Deliverable inventories on major exchanges are shrinking at a pace we haven’t seen since the 2011 squeeze.
And the usual liquidity providers are stepping back because the spreads are too unpredictable to quote safely.
When a bullion bank bleeds, it doesn’t show up on CNBC. It shows up in the market microstructure. Banks that normally dominate the market start behaving like they’re afraid of taking the wrong side of the trade.
If silver keeps rising in this jagged, disorderly pattern, someone is getting crushed behind the curtain. And once a bank is cornered, the problem is no longer price volatility, but systemic risk.
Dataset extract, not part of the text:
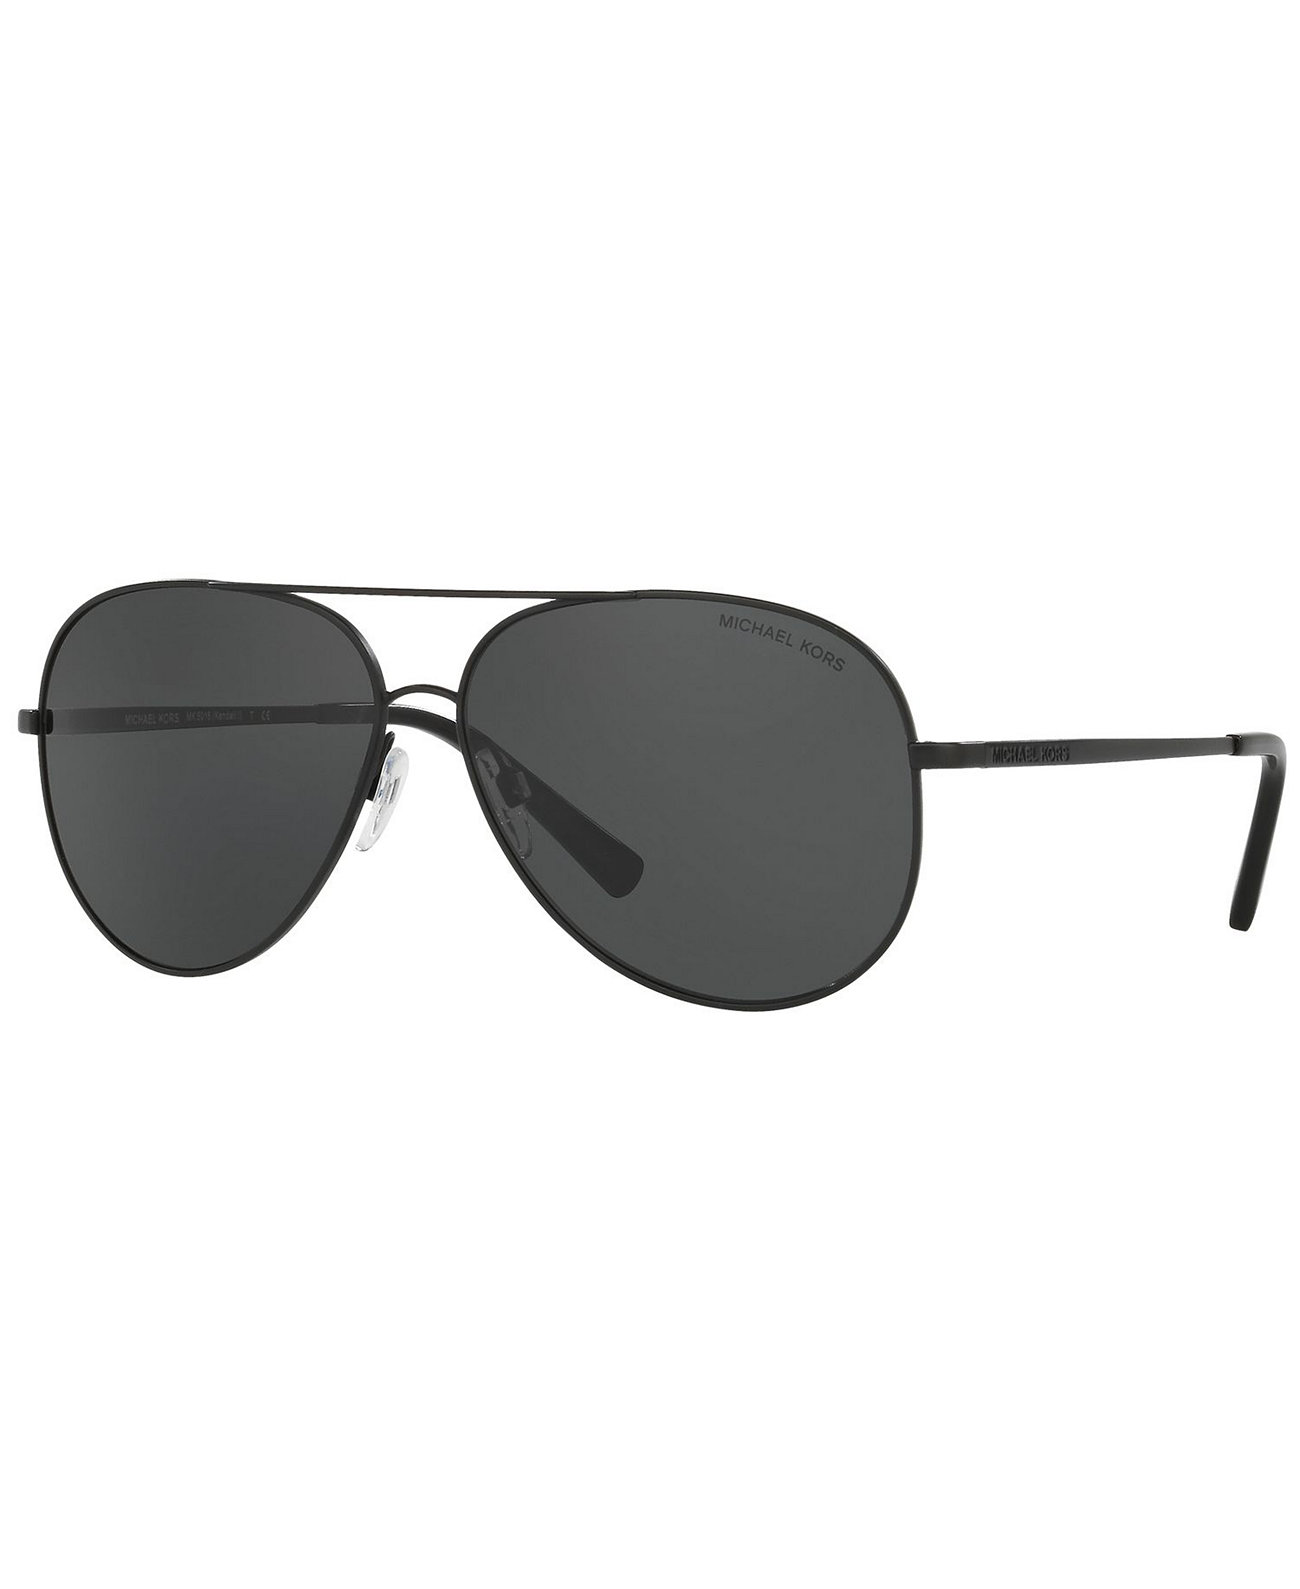 Солнцезащитные очки, MK5016 60 KENDALL I Michael Kors

And speaking of systemic risk, right now, an ounce of silver ($61) is worth more than a barrel of oil ($58.50). That isn’t normal. When this historical anomaly happens, either silver crashes or oil soars, or both.
Wrap Up
Silver’s rise is thrilling, profitable, and long overdue. But it’s also a warning. Markets don’t behave like this unless something in the machinery has snapped.
Enjoy the move. Participate in it. But don’t mistake it for a peaceful repricing.
Silver is telling us a story, and we’re in the early chapters.